(EnergyAsia, November 10 2014, Monday) — India’s coal imports are expected to continue rising through the decade to feed the country’s growing power demand that is being helped by the protracted weakness in the fuel’s price. Amid slumping demand and oversupply around the world, thermal coal prices are holding near a five-year low with little prospects of recovery in the near-term.


Japan’s leading energy think tank has forecast India’s thermal coal imports to rise by 4% to 135 million tons in 2014, and by another 4% to 141 million tons next year.

The pace of coal demand and import growth has picked up speed since the nation’s May 2014 general election which has swept the government of Narendra Modi to power, said Koji Morita, a board member at the Institute of Energy Economics Japan (IEEJ).

Taking a long-term view, another IEEJ scholar, Shoichi Itoh, has projected Indian coal imports to rise from around 100 million tons in 2011 to 350 million tons by 2035.
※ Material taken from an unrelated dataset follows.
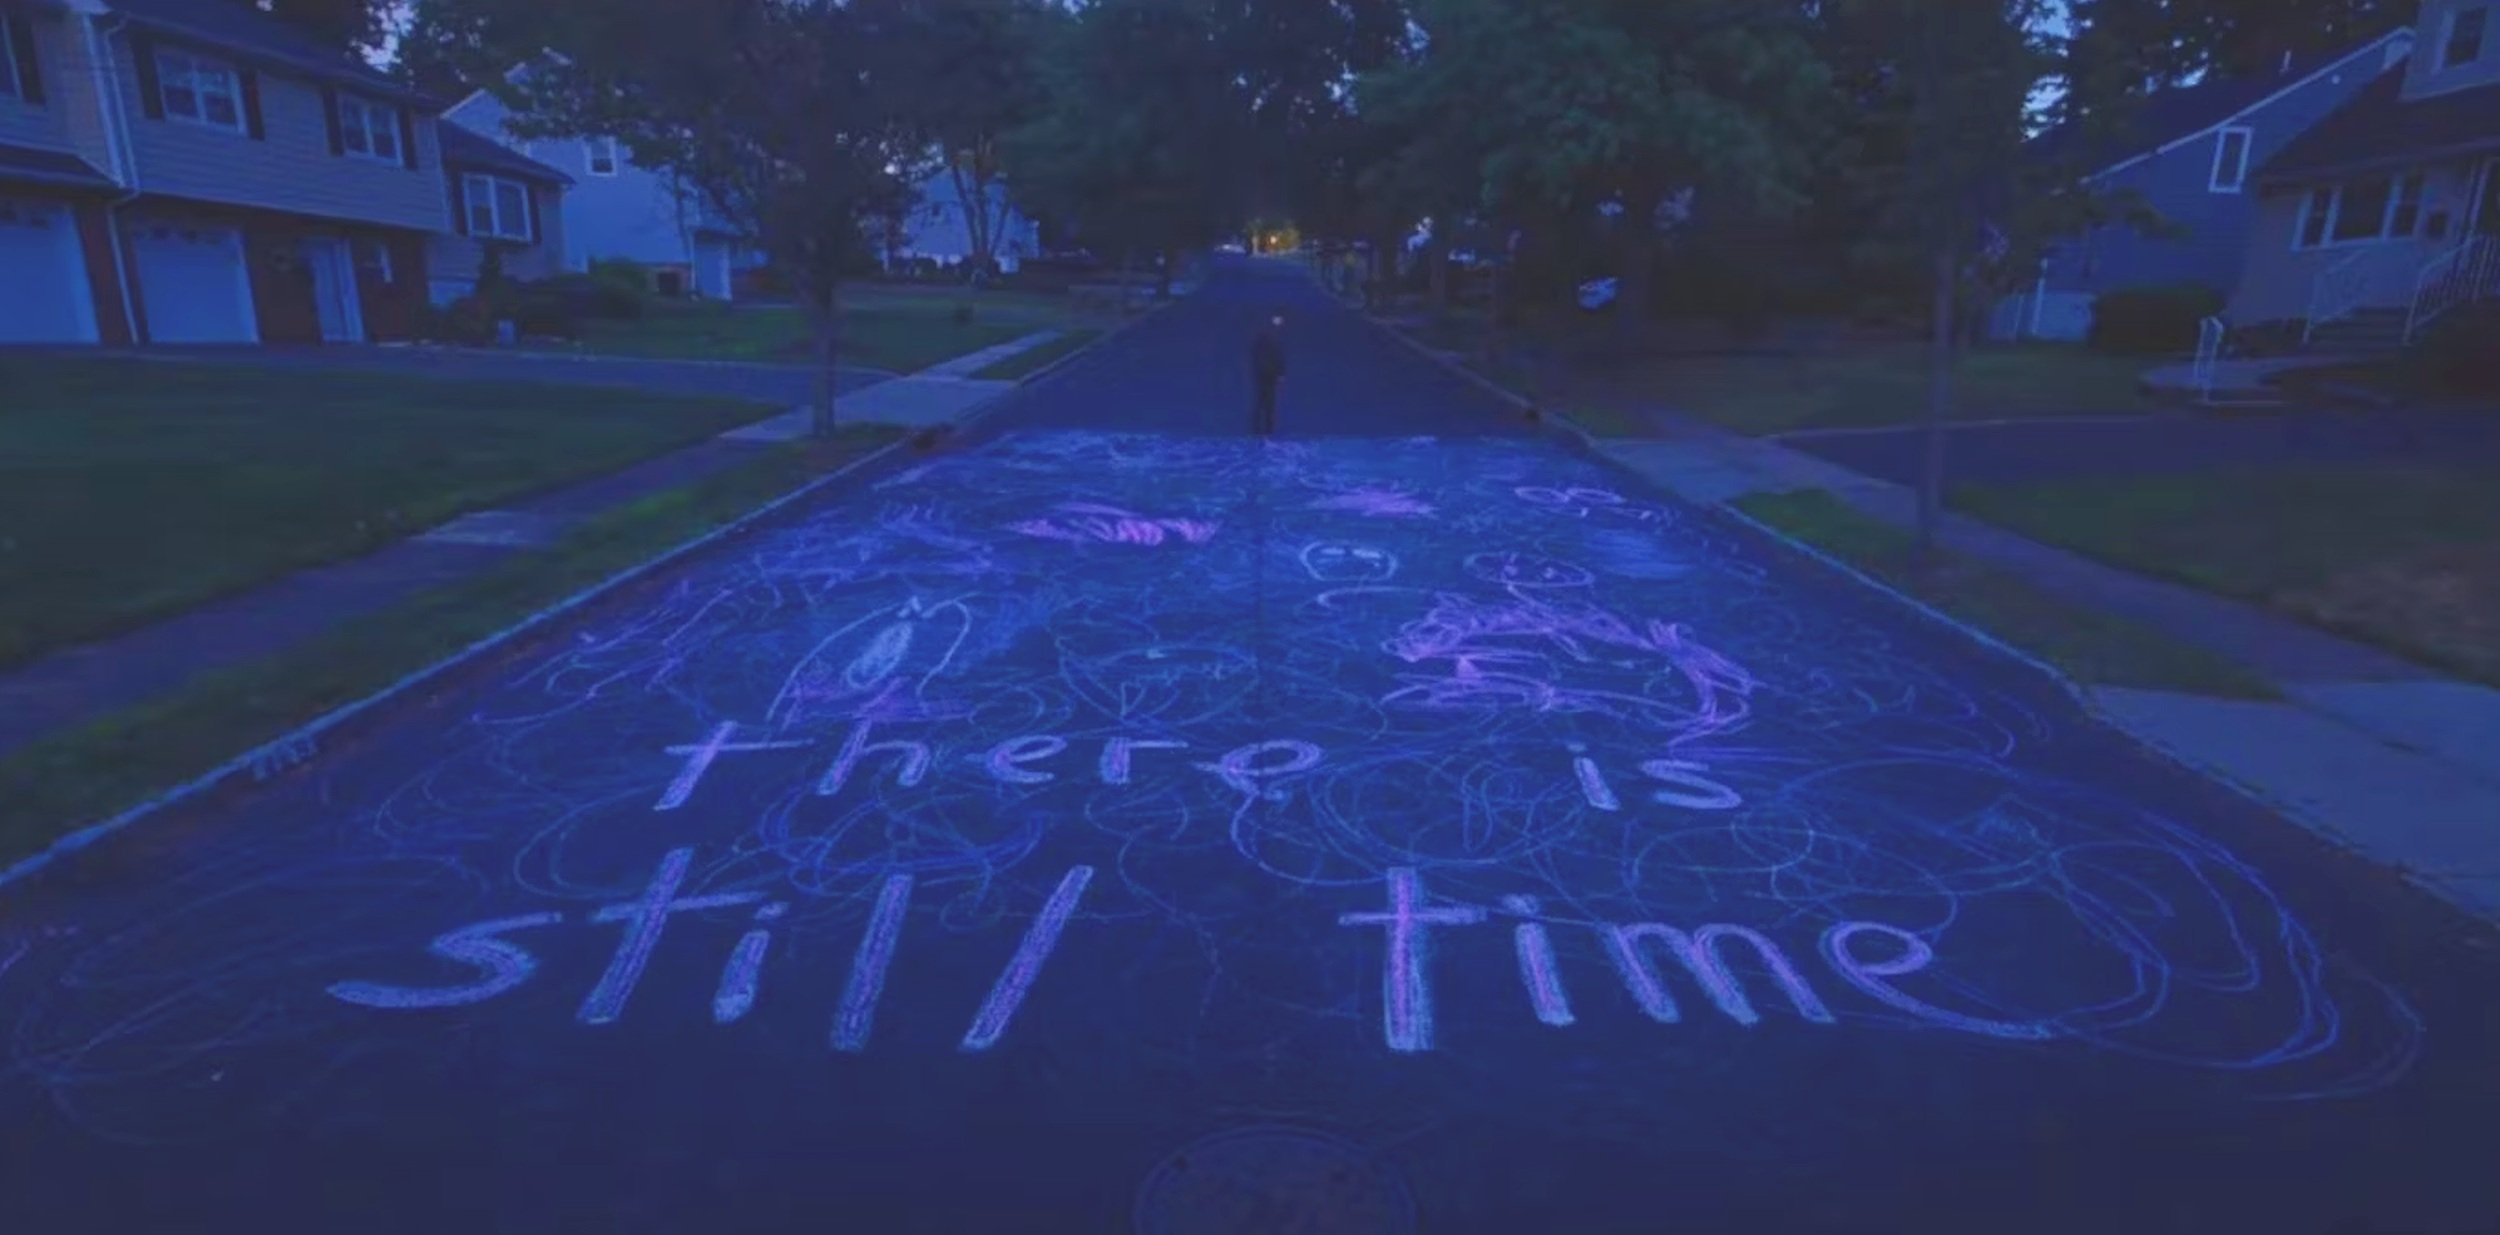 in chalk: "there is still time"

Glencore, the Switzerland-based commodities trader, is even more bullish as it expects Indian imports of thermal, metallurgical and coking coal to rise from a total of180 million tons next year to 300 million tons by 2020, to possibly overtake China as the world’s biggest buyer of the fuel.

Analysts believe India’s appetite for coal will remain strong as global prices are likely to languish for some years on account of weaker demand in other parts of the world. China, the world’s leading coal importer and consumer, is planning to reduce its dependency on the fuel in favour of natural gas to fight climate change and pollution.

Helped by the plunge in world coal prices, India boosted its import of the fuel by nearly 18.5% to more than 110 million tons in the first half of the current 2014 financial year compared with the same period last year, accoding to an analysis by MoneyControl.